▶ [EXERCISE REQUIREMENTS]: Below are records that contain pictures; transcribe the text exactly and omit the pictures.

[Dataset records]
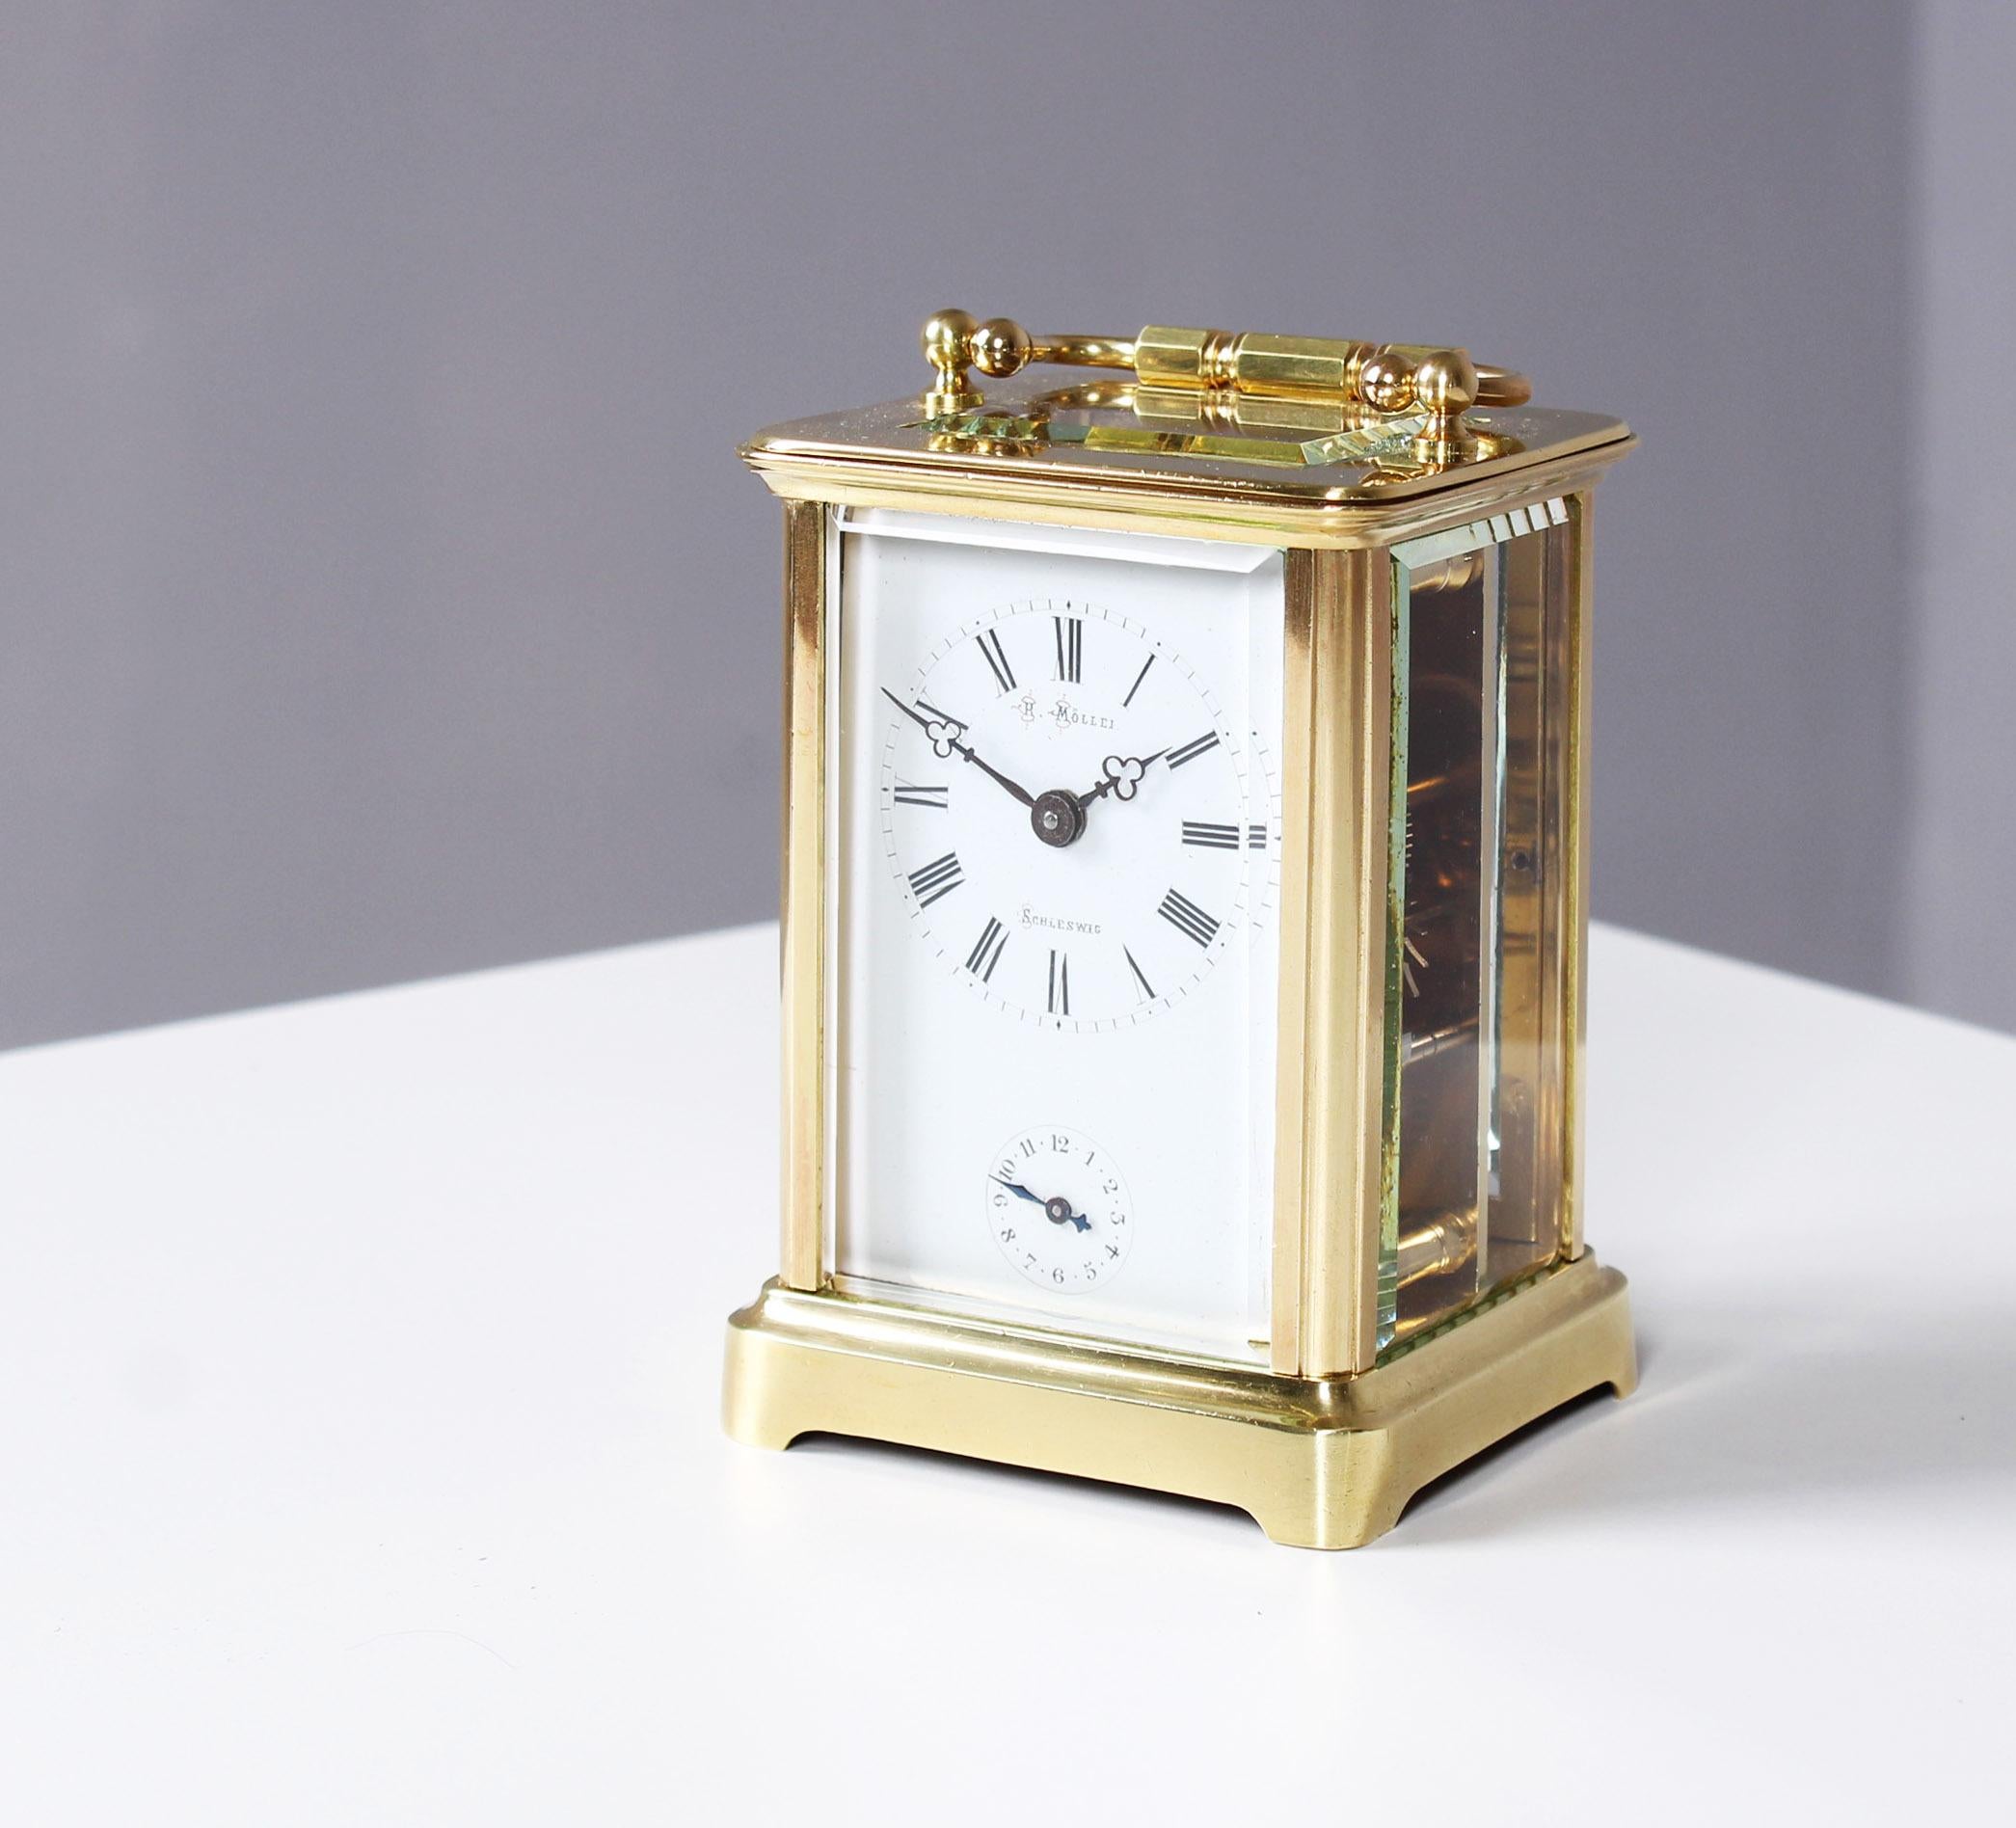 Signed travel alarm clock, carriage clock

France
Brass, enamel,
circa 1900

Dimensions: H x W x D: 11.5 x 8 x 6.5 cm


Travel alarm clock in brass case glazed on all sides.
Enamel dial with roman numerals and dealer signature: H. Möller
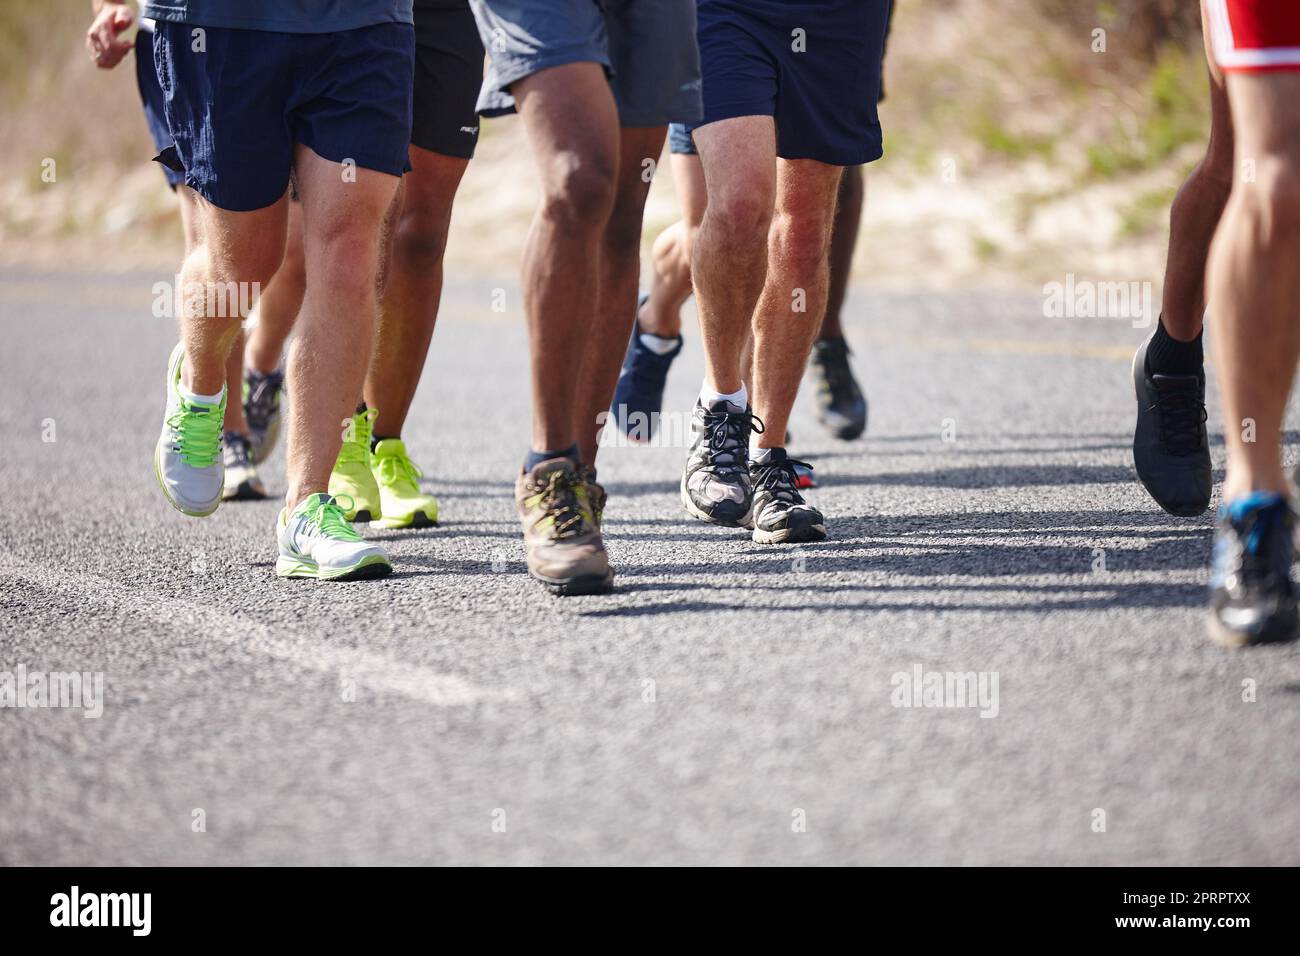 No pain, no gain. Work those legs. the legs of a group of men running a road race. Stock Photo

▶ [TASK RESULT]:
 Signed travel alarm clock, carriage clock

France
Brass, enamel,
circa 1900

Dimensions: H x W x D: 11.5 x 8 x 6.5 cm


Travel alarm clock in brass case glazed on all sides.
Enamel dial with roman numerals and dealer signature: H. Möller
 No pain, no gain. Work those legs. the legs of a group of men running a road race. Stock Photo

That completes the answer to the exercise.